Acceleration of Password Recovery
When talking about TrueCrypt/VeraCrypt password recovery, the following parameters can affect the speed of the process:
- hash type – the slowest hash type is Streebog,
- cascade length (although the type of cascade does not affect the recovery speed).
Password recovery speed for TrueCrypt/VeraCrypt can be accelerated with GPU, as well as cloud services (e.g., Amazon) and distributed computing. For TrueCrypt system volumes with a 1-cascade encryption, the speed on an NVIDIA RTX 2080 Ti is 1,050,000 passwords per second. Decryptum Password Recovery (DPR) works with this type of encryption at the pace of 10,000,000 passwords per second. For VeraCrypt volumes, the recovery speed on DPR is significantly lower: about 35,000 passwords per second on a 1-cascade encryption with the default PIM.
Please note that for TrueCrypt/VeraCrypt password recovery, it takes a bit longer (up to ten minutes) to calibrate the GPUs than for other file types.
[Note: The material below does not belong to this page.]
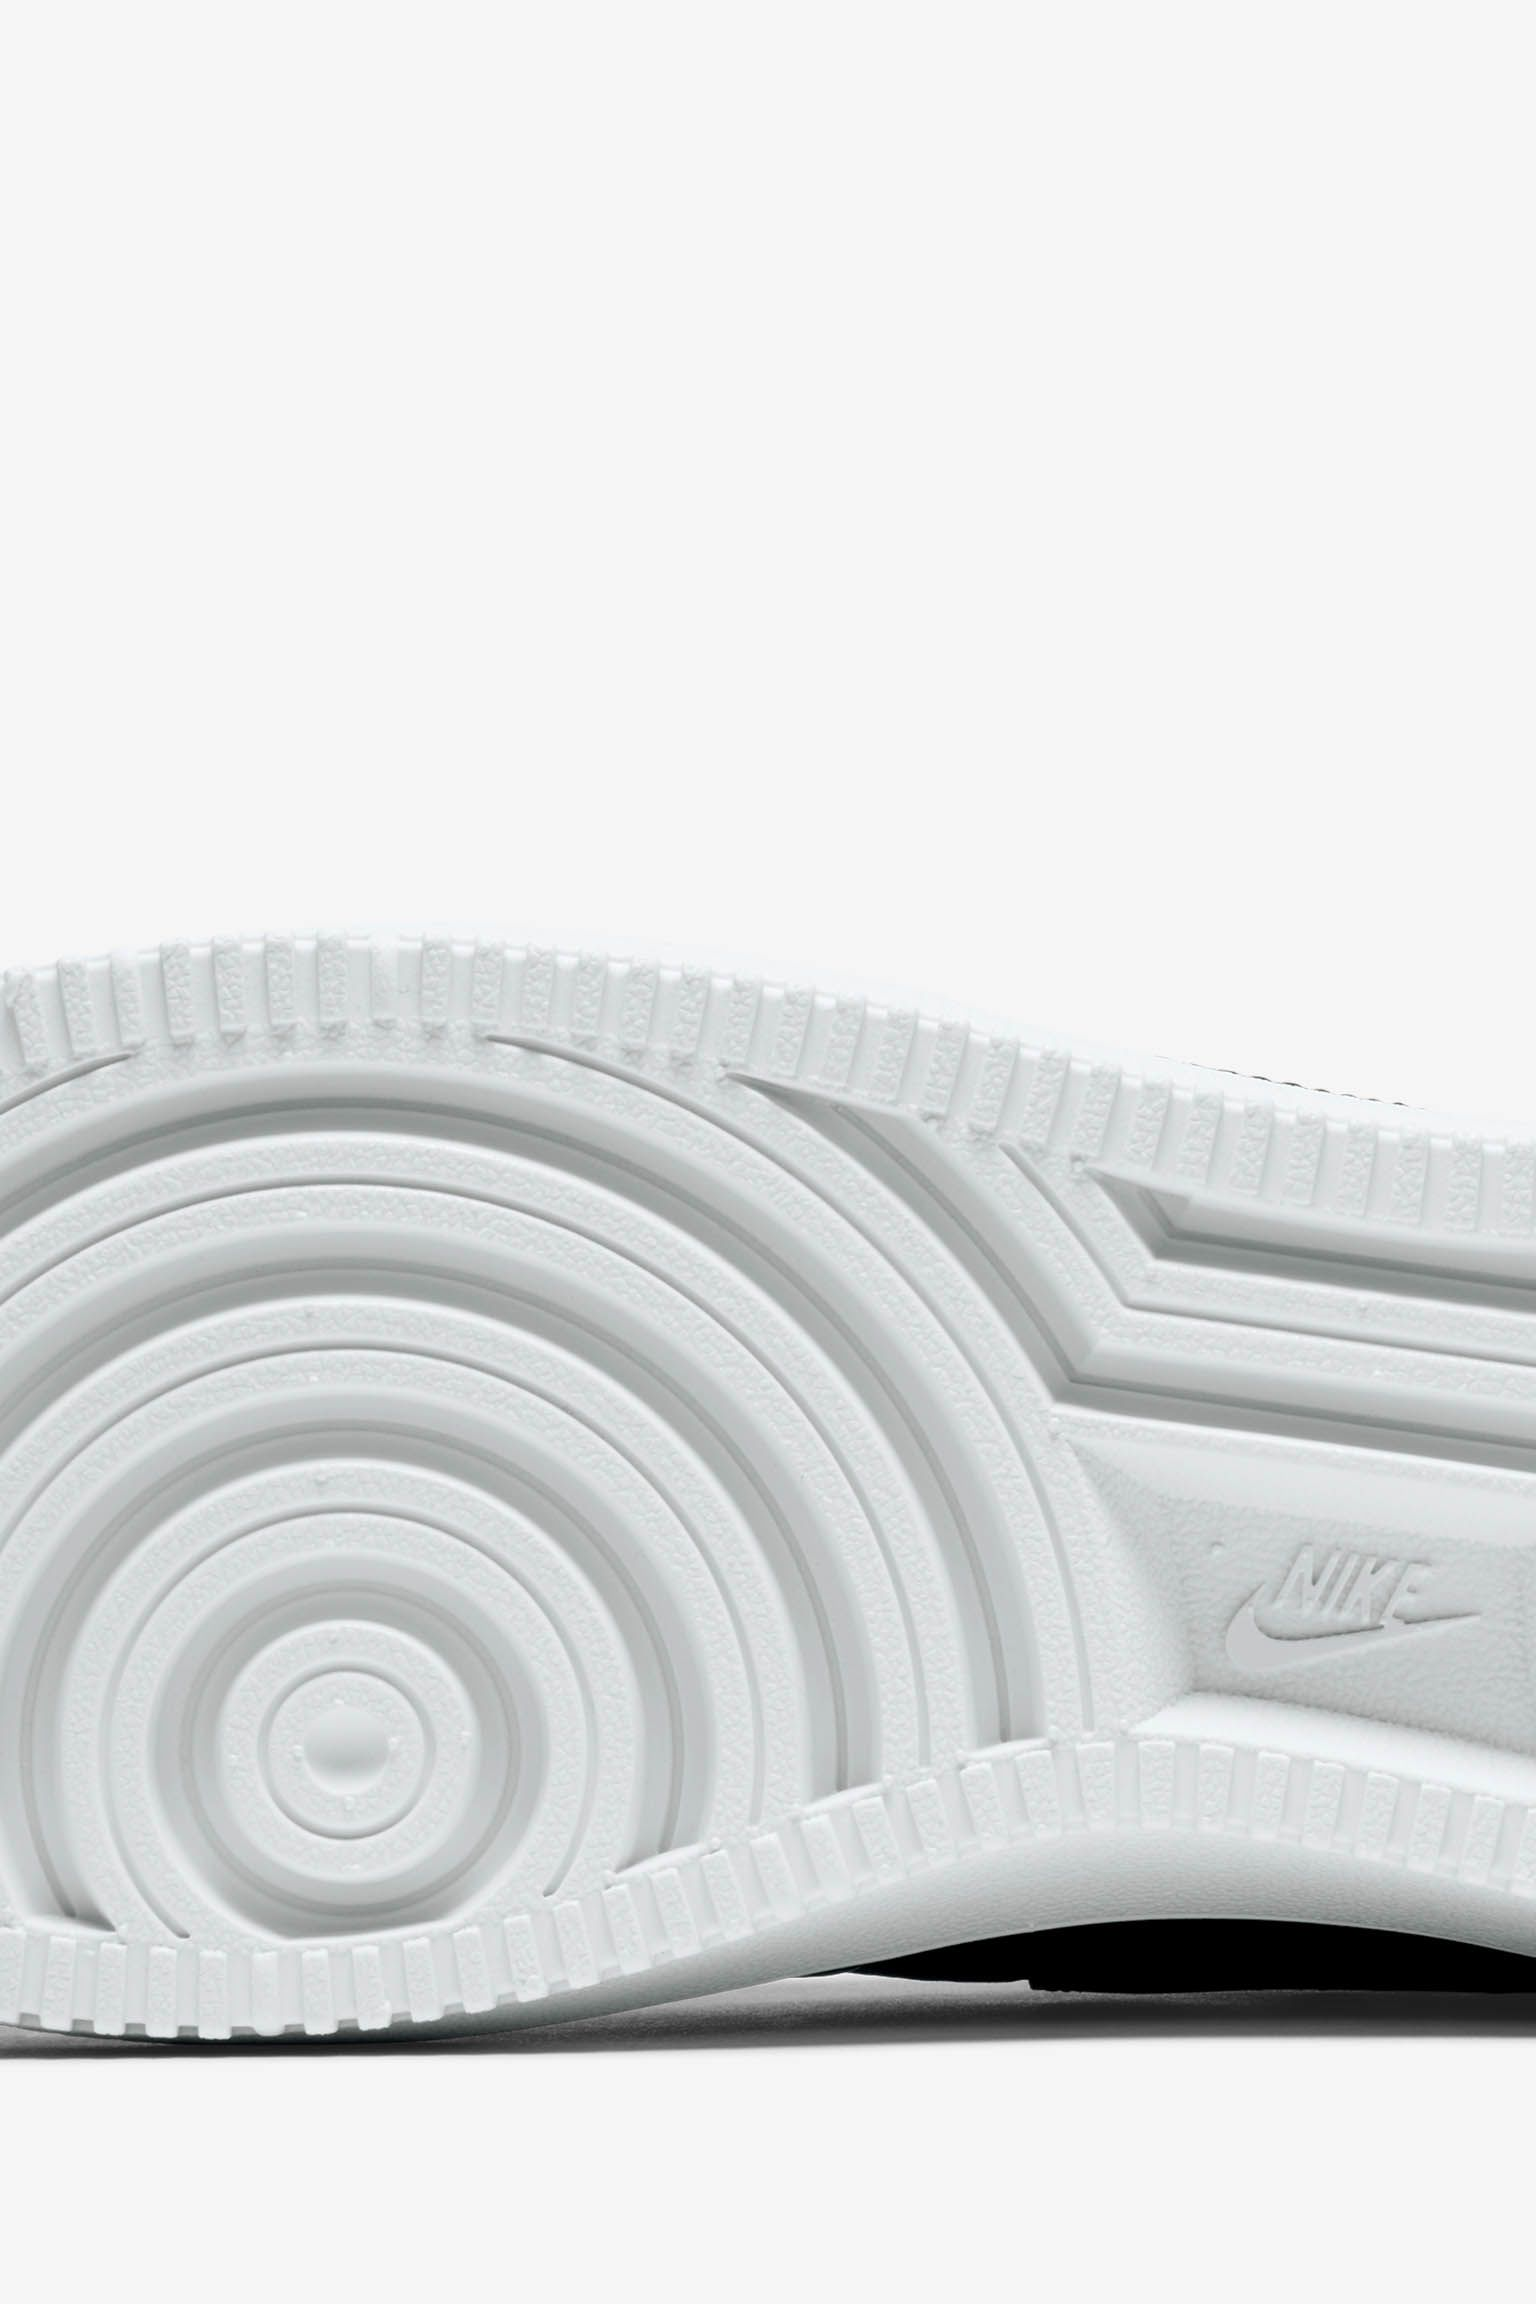 Women's Nike Air Force 1 Ultraforce Mid 'Black & White'
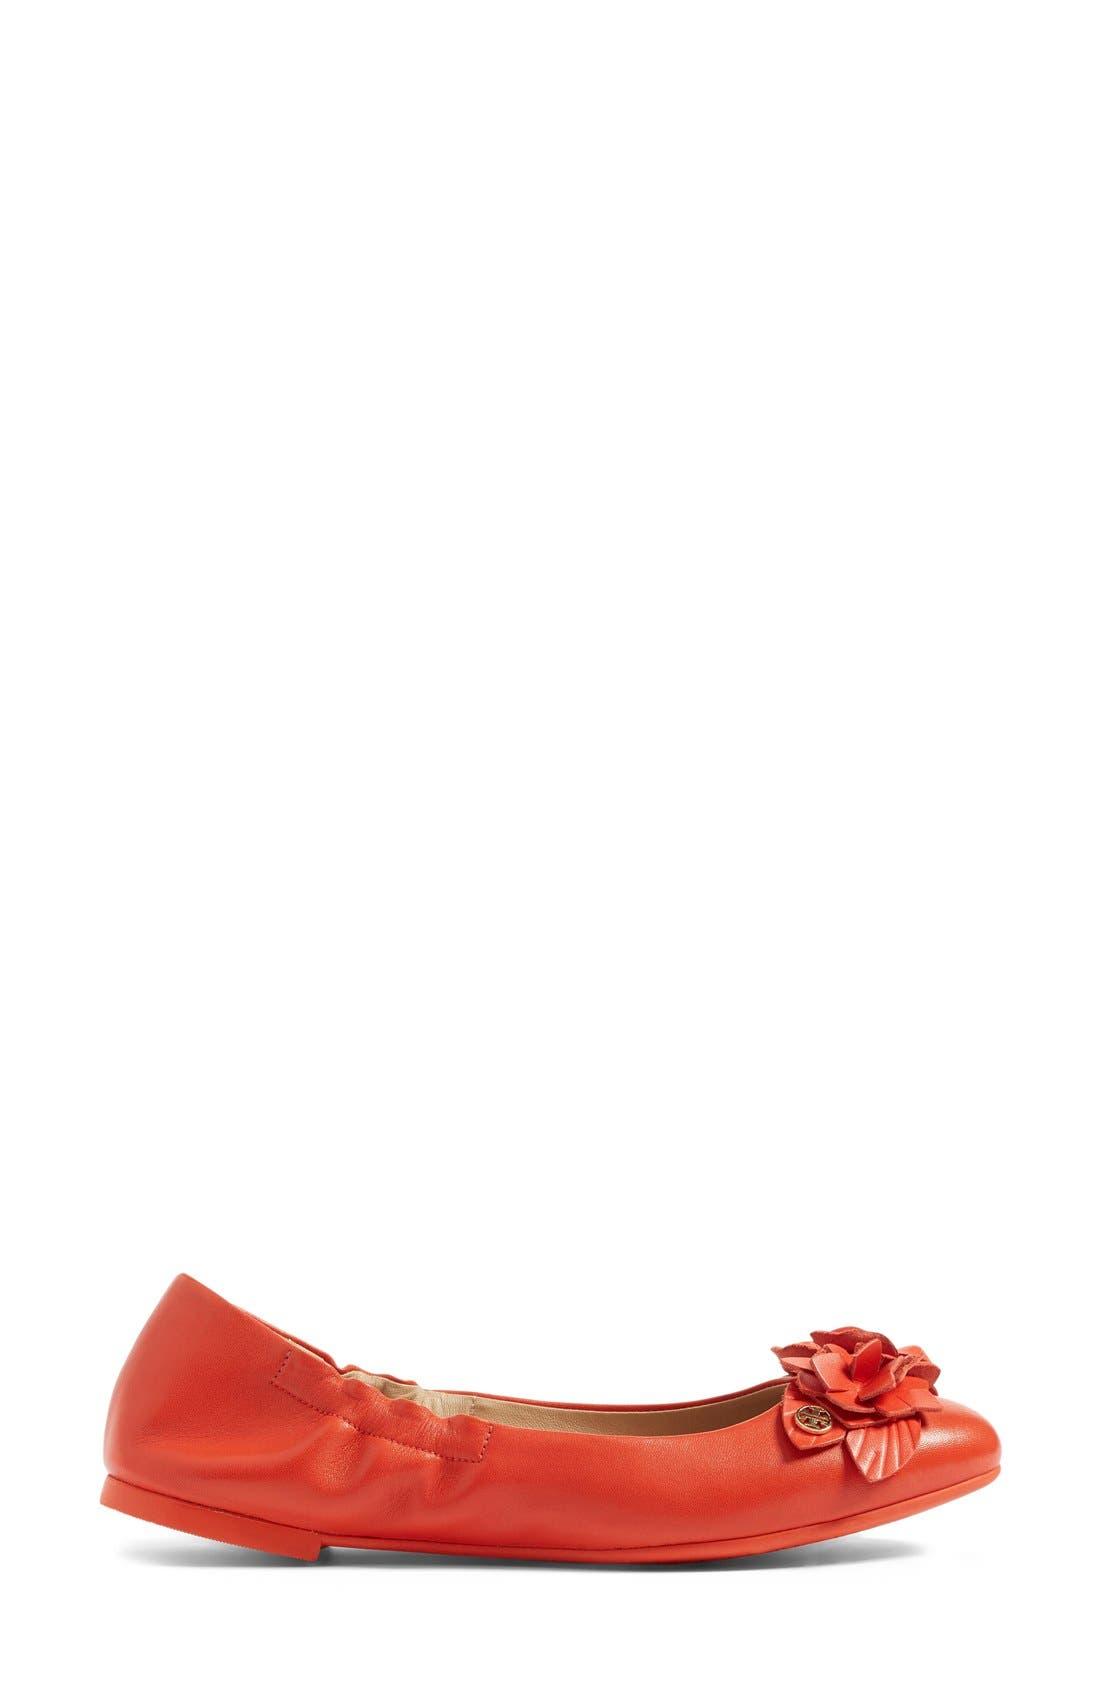 Alternate Image 4  - Tory Burch 'Blossom' Ballet Flat (Women)

The key is to detect whether the volume is TrueCrypt or VeraCrypt. Check the suspect’s computer registry and drivers installed. Once the proper application is identified, speed up the password recovery process by disabling the irrelevant types of encryption, hash algorithms, and PIM in Passware Kit settings. And of course, apply hardware acceleration in accordance with your budget and availability in your network environment. TrueCrypt/VeraCrypt password recovery is time-consuming, but knowing the aspects of encryption will increase your chances of getting the password in a reasonable time.